[EXERCISE DETAILS]:
Can you quote, word for word, every line from the first line of the records below through the line containing "Moaning Backstab - Street", and nothing else?

[SUPPLIED RECORDS]:
——

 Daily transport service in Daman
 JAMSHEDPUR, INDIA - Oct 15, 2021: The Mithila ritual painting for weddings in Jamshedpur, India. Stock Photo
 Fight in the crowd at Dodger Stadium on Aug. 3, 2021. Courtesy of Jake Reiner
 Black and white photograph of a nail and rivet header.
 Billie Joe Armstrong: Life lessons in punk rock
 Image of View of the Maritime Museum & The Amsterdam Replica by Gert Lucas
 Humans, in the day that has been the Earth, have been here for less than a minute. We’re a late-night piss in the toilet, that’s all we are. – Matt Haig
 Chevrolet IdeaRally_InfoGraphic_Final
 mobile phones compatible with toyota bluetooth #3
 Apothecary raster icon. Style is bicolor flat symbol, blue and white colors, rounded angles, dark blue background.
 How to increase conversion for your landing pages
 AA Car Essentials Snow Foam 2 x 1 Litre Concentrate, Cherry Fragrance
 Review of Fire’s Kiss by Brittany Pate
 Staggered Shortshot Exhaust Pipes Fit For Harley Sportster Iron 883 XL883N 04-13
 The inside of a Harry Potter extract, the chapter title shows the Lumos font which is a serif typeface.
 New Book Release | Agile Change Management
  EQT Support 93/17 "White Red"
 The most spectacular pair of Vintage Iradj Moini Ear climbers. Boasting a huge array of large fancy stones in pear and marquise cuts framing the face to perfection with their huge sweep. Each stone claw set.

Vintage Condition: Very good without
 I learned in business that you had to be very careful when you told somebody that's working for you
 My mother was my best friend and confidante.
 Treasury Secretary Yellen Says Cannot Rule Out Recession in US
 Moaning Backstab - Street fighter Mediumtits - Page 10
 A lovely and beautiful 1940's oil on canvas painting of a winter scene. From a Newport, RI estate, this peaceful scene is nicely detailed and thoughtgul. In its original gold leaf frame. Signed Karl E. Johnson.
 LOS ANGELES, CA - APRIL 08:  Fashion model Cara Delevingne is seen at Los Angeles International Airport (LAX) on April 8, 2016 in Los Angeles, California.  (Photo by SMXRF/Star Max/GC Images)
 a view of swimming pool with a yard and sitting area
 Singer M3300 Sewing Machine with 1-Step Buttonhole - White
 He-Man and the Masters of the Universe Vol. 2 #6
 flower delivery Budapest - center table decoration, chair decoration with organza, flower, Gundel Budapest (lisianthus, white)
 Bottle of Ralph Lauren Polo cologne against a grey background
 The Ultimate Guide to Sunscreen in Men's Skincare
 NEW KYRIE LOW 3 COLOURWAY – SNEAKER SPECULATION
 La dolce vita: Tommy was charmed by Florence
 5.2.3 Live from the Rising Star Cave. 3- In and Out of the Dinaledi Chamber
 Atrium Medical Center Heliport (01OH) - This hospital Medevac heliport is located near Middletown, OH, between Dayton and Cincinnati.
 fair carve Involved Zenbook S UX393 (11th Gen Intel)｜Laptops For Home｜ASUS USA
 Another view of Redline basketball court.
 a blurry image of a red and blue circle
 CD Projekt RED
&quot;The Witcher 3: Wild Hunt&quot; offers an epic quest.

——

[RESULT OF THIS TASK]:
 Daily transport service in Daman
 JAMSHEDPUR, INDIA - Oct 15, 2021: The Mithila ritual painting for weddings in Jamshedpur, India. Stock Photo
 Fight in the crowd at Dodger Stadium on Aug. 3, 2021. Courtesy of Jake Reiner
 Black and white photograph of a nail and rivet header.
 Billie Joe Armstrong: Life lessons in punk rock
 Image of View of the Maritime Museum & The Amsterdam Replica by Gert Lucas
 Humans, in the day that has been the Earth, have been here for less than a minute. We’re a late-night piss in the toilet, that’s all we are. – Matt Haig
 Chevrolet IdeaRally_InfoGraphic_Final
 mobile phones compatible with toyota bluetooth #3
 Apothecary raster icon. Style is bicolor flat symbol, blue and white colors, rounded angles, dark blue background.
 How to increase conversion for your landing pages
 AA Car Essentials Snow Foam 2 x 1 Litre Concentrate, Cherry Fragrance
 Review of Fire’s Kiss by Brittany Pate
 Staggered Shortshot Exhaust Pipes Fit For Harley Sportster Iron 883 XL883N 04-13
 The inside of a Harry Potter extract, the chapter title shows the Lumos font which is a serif typeface.
 New Book Release | Agile Change Management
  EQT Support 93/17 "White Red"
 The most spectacular pair of Vintage Iradj Moini Ear climbers. Boasting a huge array of large fancy stones in pear and marquise cuts framing the face to perfection with their huge sweep. Each stone claw set.

Vintage Condition: Very good without
 I learned in business that you had to be very careful when you told somebody that's working for you
 My mother was my best friend and confidante.
 Treasury Secretary Yellen Says Cannot Rule Out Recession in US
 Moaning Backstab - Street fighter Mediumtits - Page 10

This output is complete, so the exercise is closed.